==== Given material
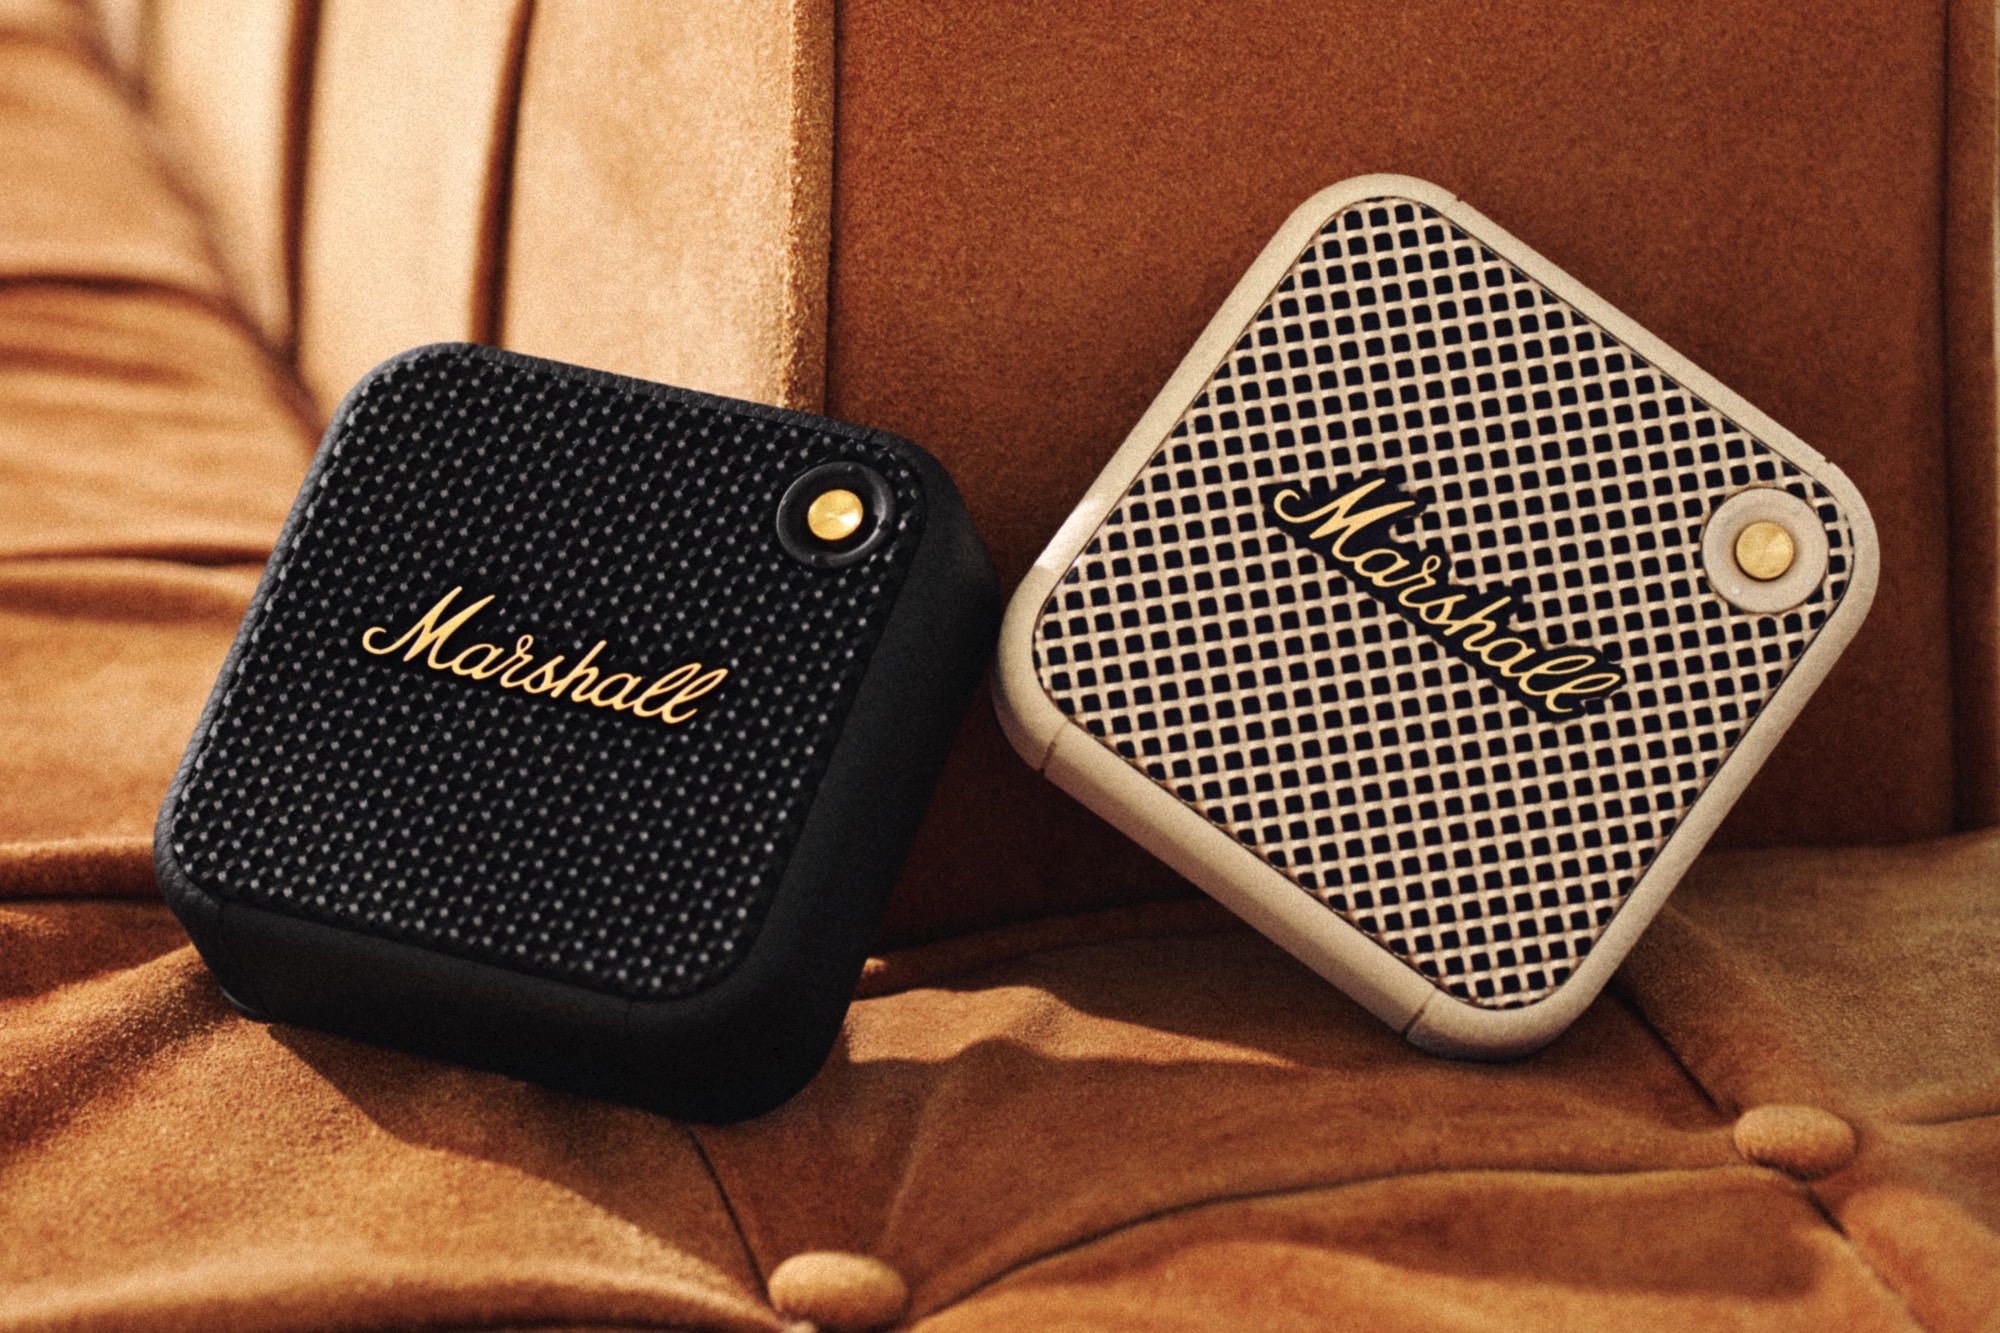 Marshall updates the Emberton and adds a palm-sized speaker
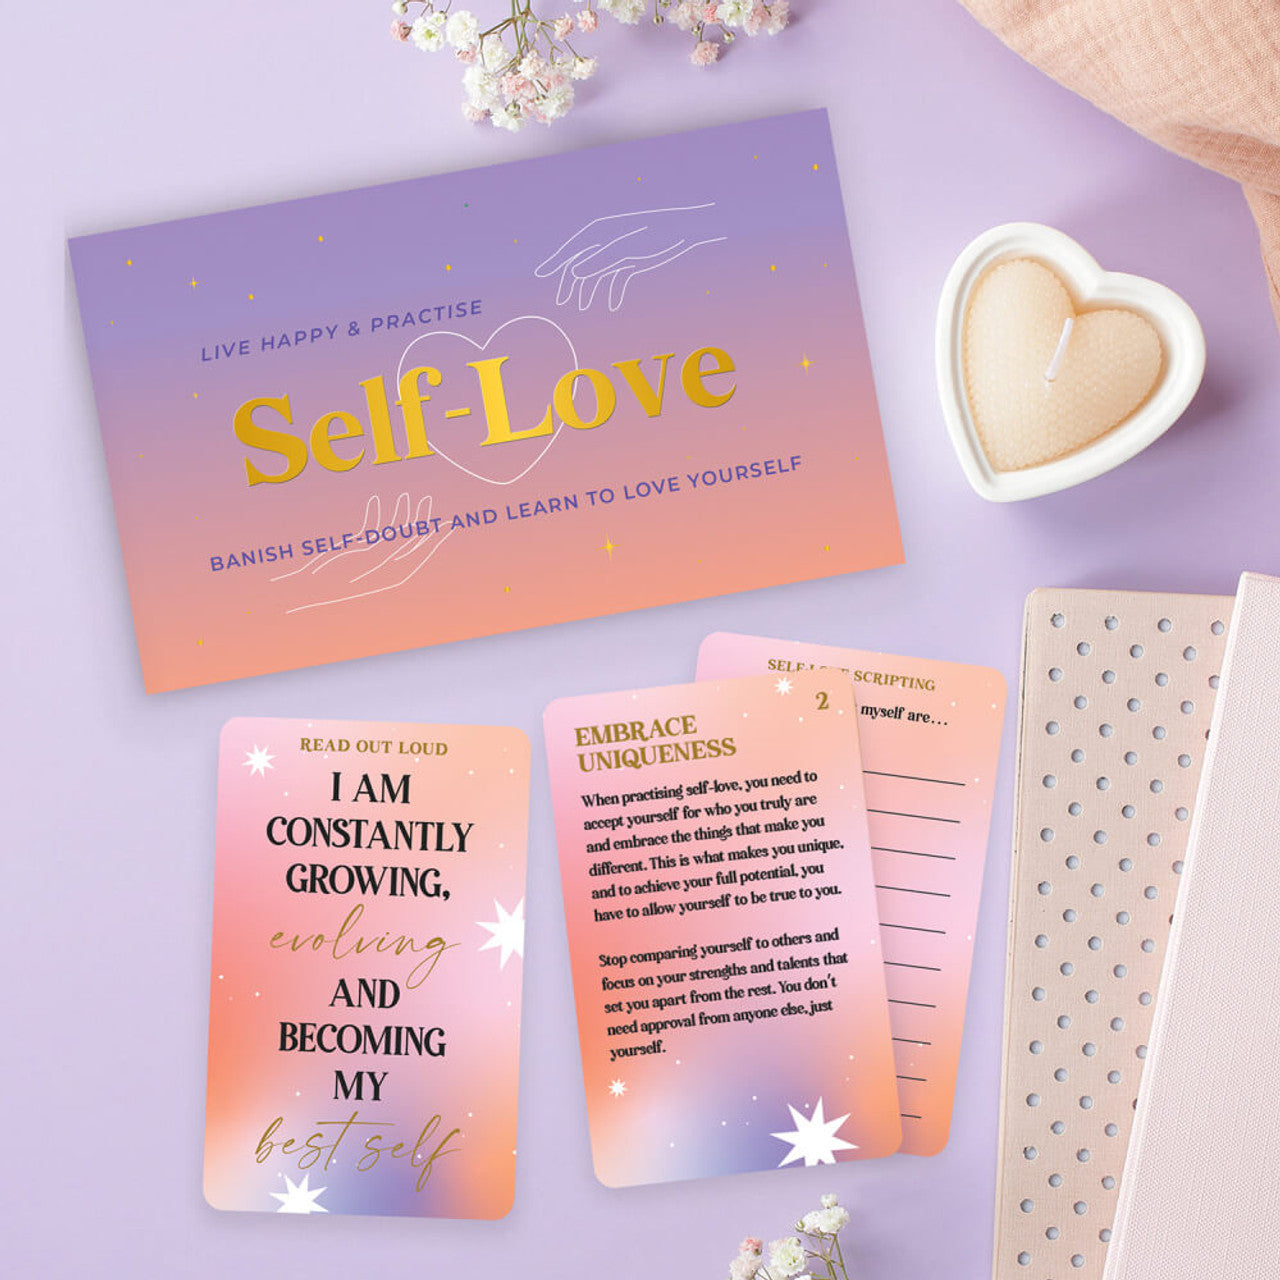 Self-Love Affirmations Card Pack
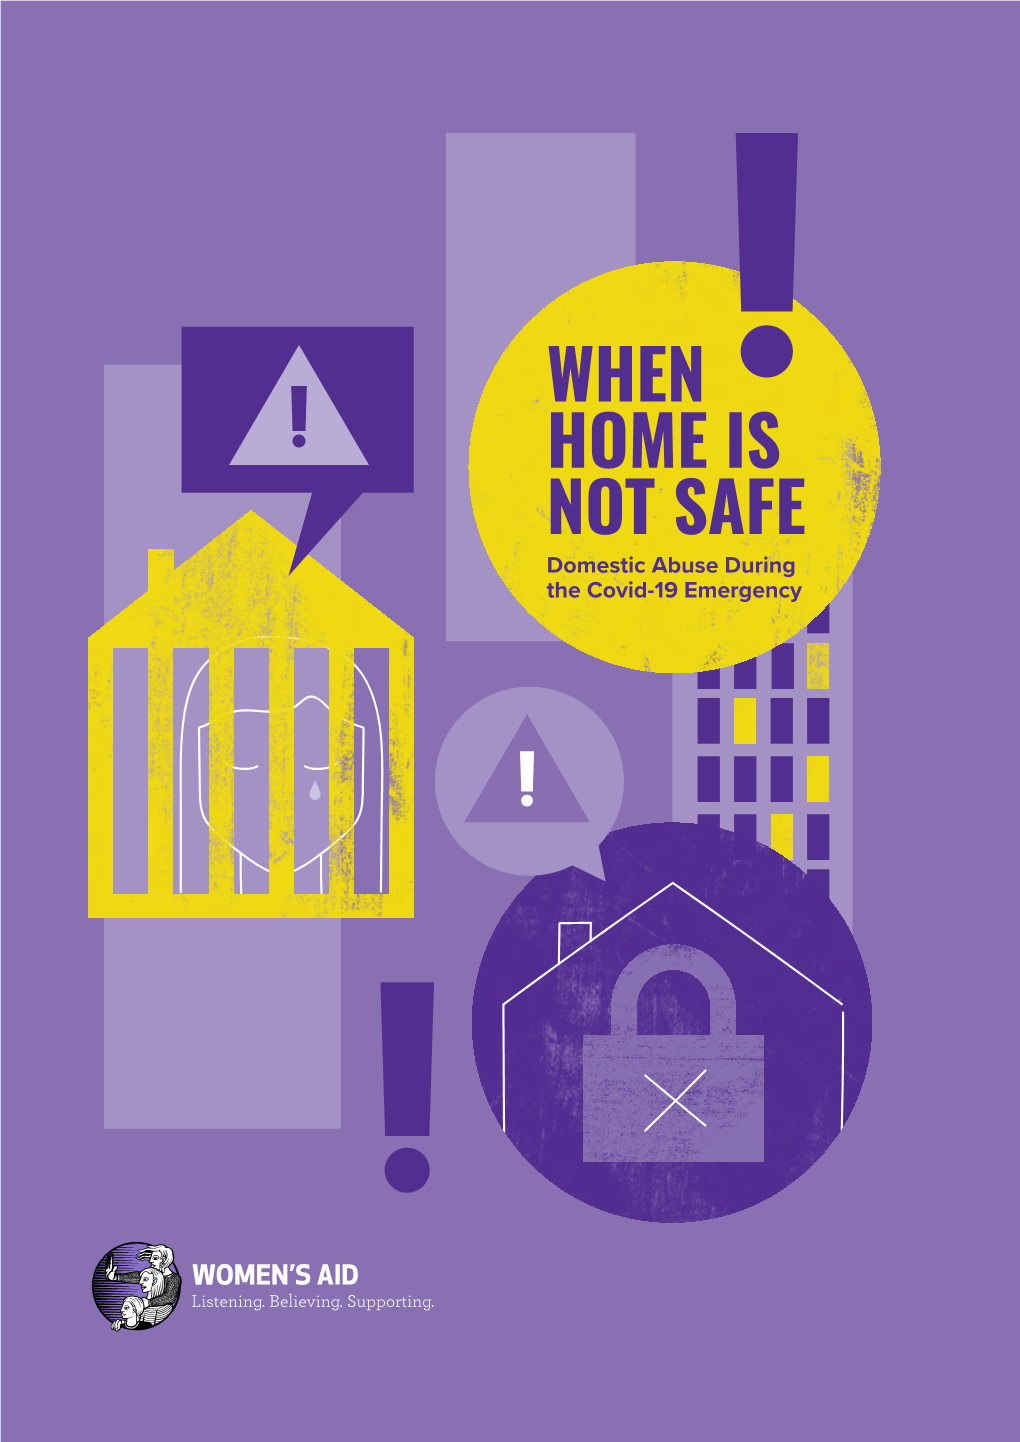 WHEN HOME IS NOT SAFE Domestic Abuse During the Covid-19 Emergency CEO INTRODUCTION Highlighting the Safety of Home Has Been Paramount During the Covid-19 Emergency
========
Task instructions: The result should be the listing above, restated exactly, with no pictures in it.

Solved exercise:
 Marshall updates the Emberton and adds a palm-sized speaker
 Self-Love Affirmations Card Pack
 WHEN HOME IS NOT SAFE Domestic Abuse During the Covid-19 Emergency CEO INTRODUCTION Highlighting the Safety of Home Has Been Paramount During the Covid-19 Emergency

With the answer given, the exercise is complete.